Plenti Group Limited has reported a record unaudited FY26 Cash Profit Before Tax of $30.8 million and a loan portfolio exceeding $3.1 billion, beating its original target months ahead of schedule. The fintech lender's growth was supported by strong loan originations, robust credit performance, and strategic technology investments.
- FY26 Cash PBT up 117% to $30.8 million
- Loan portfolio surpasses $3.1 billion, 22% growth year-on-year
- Quarterly loan originations hit $475 million, a daily record
- NAB powered by Plenti portfolio grows 34% quarter-on-quarter
- Completed $400 million ABS transaction at best pricing to date
Record Profit and Portfolio Growth Exceed Expectations
Plenti Group Limited (ASX:PLT) closed FY26 with a bang, delivering an unaudited Cash Profit Before Tax (PBT) of $30.8 million, a 117% increase on the prior year.

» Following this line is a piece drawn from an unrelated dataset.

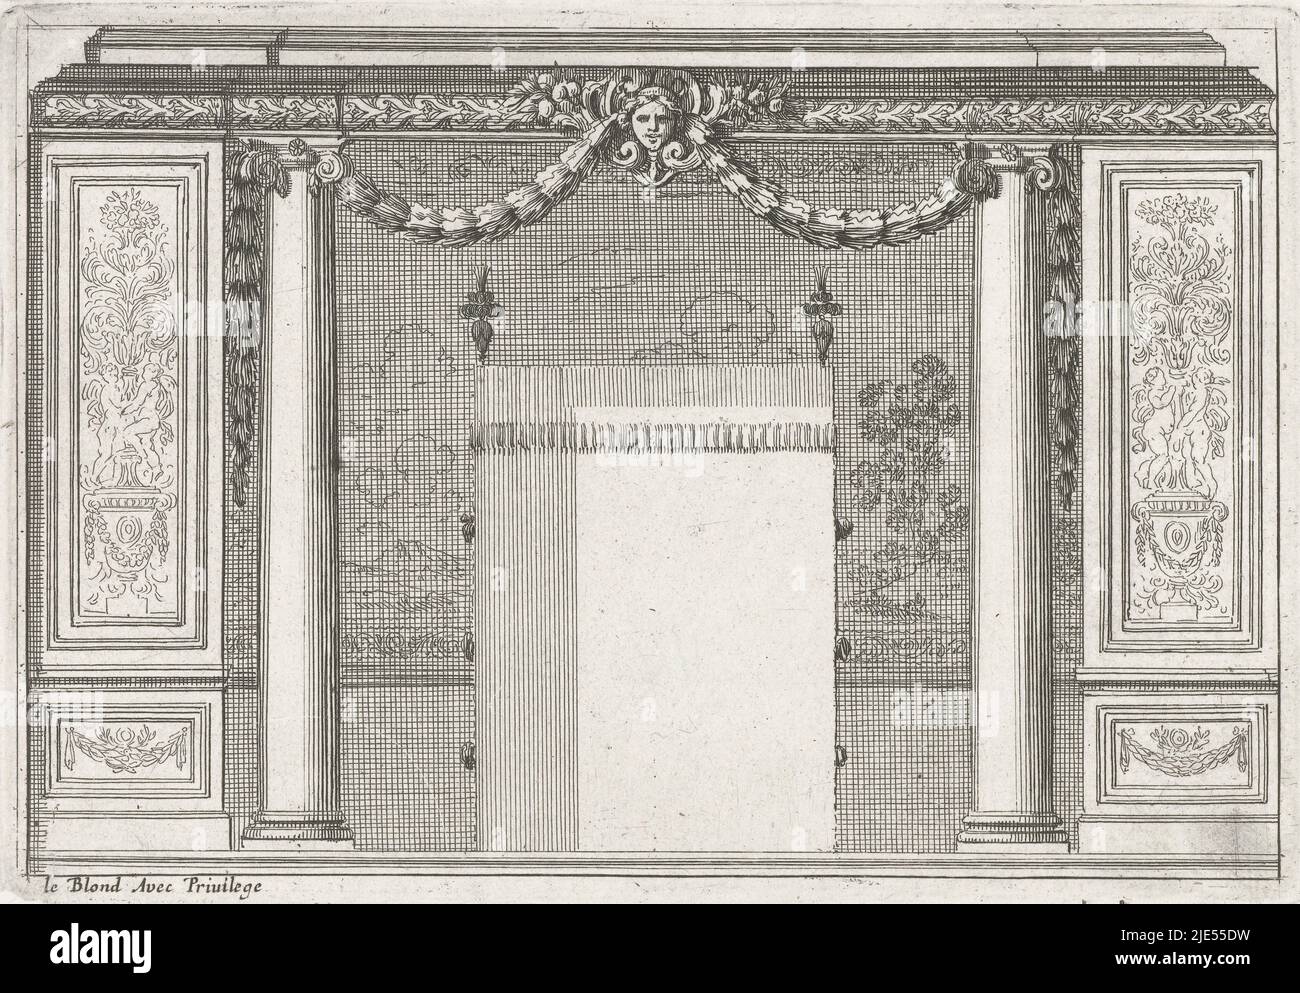 The columns are connected at the top by a garland of leaves. On both sides there is wooden panelling with an ornamental panel. From series of 6 leaves, Alcove closed by two Ionic columns Alkoven (series title)., print maker: Jean Lepautre, Jean Lepautre, publisher: Jean Leblond (I), (mentioned on object), print maker: France, (possibly), France, (possibly), publisher: Paris, c. 1650, paper, etching, h 137 mm × w 199 mm Stock Photo

Cash Net Profit After Tax (NPAT) also nearly doubled, reaching $27.3 million. These figures underscore Plenti’s accelerating growth trajectory and operational discipline, with the fintech lender surpassing its $3 billion loan portfolio target well ahead of the original March 2026 deadline, hitting $3.1 billion by the end of March.
This milestone builds on the company’s momentum from earlier in the year, where Plenti recorded a fifth consecutive quarter of record loan originations and a loan portfolio nearing $3 billion by December 2025, as highlighted in its fifth consecutive record quarter. The latest results confirm that growth has not only been sustained but accelerated into the second half of FY26.
Strong Loan Originations and Diversified Portfolio
Quarterly loan originations reached $475 million, up 17% on the prior corresponding period and consistent with the previous quarter after adjusting for fewer business days. This translated into a record daily origination rate for Plenti. The loan book’s 22% year-on-year growth was driven by all three lending verticals: automotive loans rose 24% to $1.78 billion, renewable energy loans increased 25% to $427 million, and personal loans grew 18% to $900 million.
Automotive lending was buoyed by the “NAB powered by Plenti” (NPBP) partnership, which saw its loan portfolio swell 34% quarter-on-quarter to $121 million. Originations per business day in this channel jumped 35%, reflecting intensified collaboration between Plenti and NAB to boost demand and conversion rates.
Credit Quality and Funding Strength
Credit performance remained solid with annualised net credit losses at a low 96 basis points, slightly higher than the previous quarter but well below the 116 basis points recorded a year earlier. Ninety-plus day arrears held steady at 42 basis points. The weighted average Equifax credit score of the loan portfolio nudged up to 850, emphasizing Plenti’s focus on prime borrowers.
On the funding front, Plenti completed a $400 million personal and renewable energy loan ABS transaction in February 2026, its sixth PL & Green ABS deal and twelfth overall. The deal attracted a record number of investors and achieved a weighted average margin of 1.15%, the best pricing Plenti has secured for this type of transaction, tightening 25 basis points compared to the previous ABS in May 2025. The company also repaid $12.5 million of corporate debt during the quarter, reducing its drawn corporate facility to $20 million and bolstering its cash position.
Technology and Efficiency Gains Through AI
Plenti continued to leverage its proprietary digital platform and AI-driven initiatives to enhance customer experience and operational efficiency. Notably, a new front-end digital loan journey was developed 70% faster than previous benchmarks using AI-assisted tools. The DocAI platform processed over 35,000 documents this quarter, improving straight-through loan processing rates. Additionally, an agentic AI platform was deployed to support customer service and sales, with plans for ongoing automation expected to further increase speed and efficiency in FY27.
Operating costs remained tightly controlled, with the cost-to-net margin for FY26 at 56.7%, just below the 57% target threshold, reflecting Plenti’s commitment to efficiency as it scales.
Looking Ahead to FY27
Plenti plans to release its full audited FY26 results and provide guidance for FY27 on 20 May 2026. Given the strong finish to FY26 and the company’s investments in technology and strategic partnerships, market watchers will be keen to see how Plenti navigates potential macroeconomic headwinds and funding cost pressures while maintaining growth and credit quality.
Bottom Line?
Plenti’s early achievement of its $3 billion loan portfolio target and record profitability set a high bar for FY27, but rising funding costs and economic uncertainties warrant close attention.
Questions in the middle?
- How will Plenti manage margin pressures amid higher funding costs in FY27?
- What impact will ongoing AI and automation investments have on operating leverage?
- Can the NAB powered by Plenti partnership sustain its rapid growth trajectory?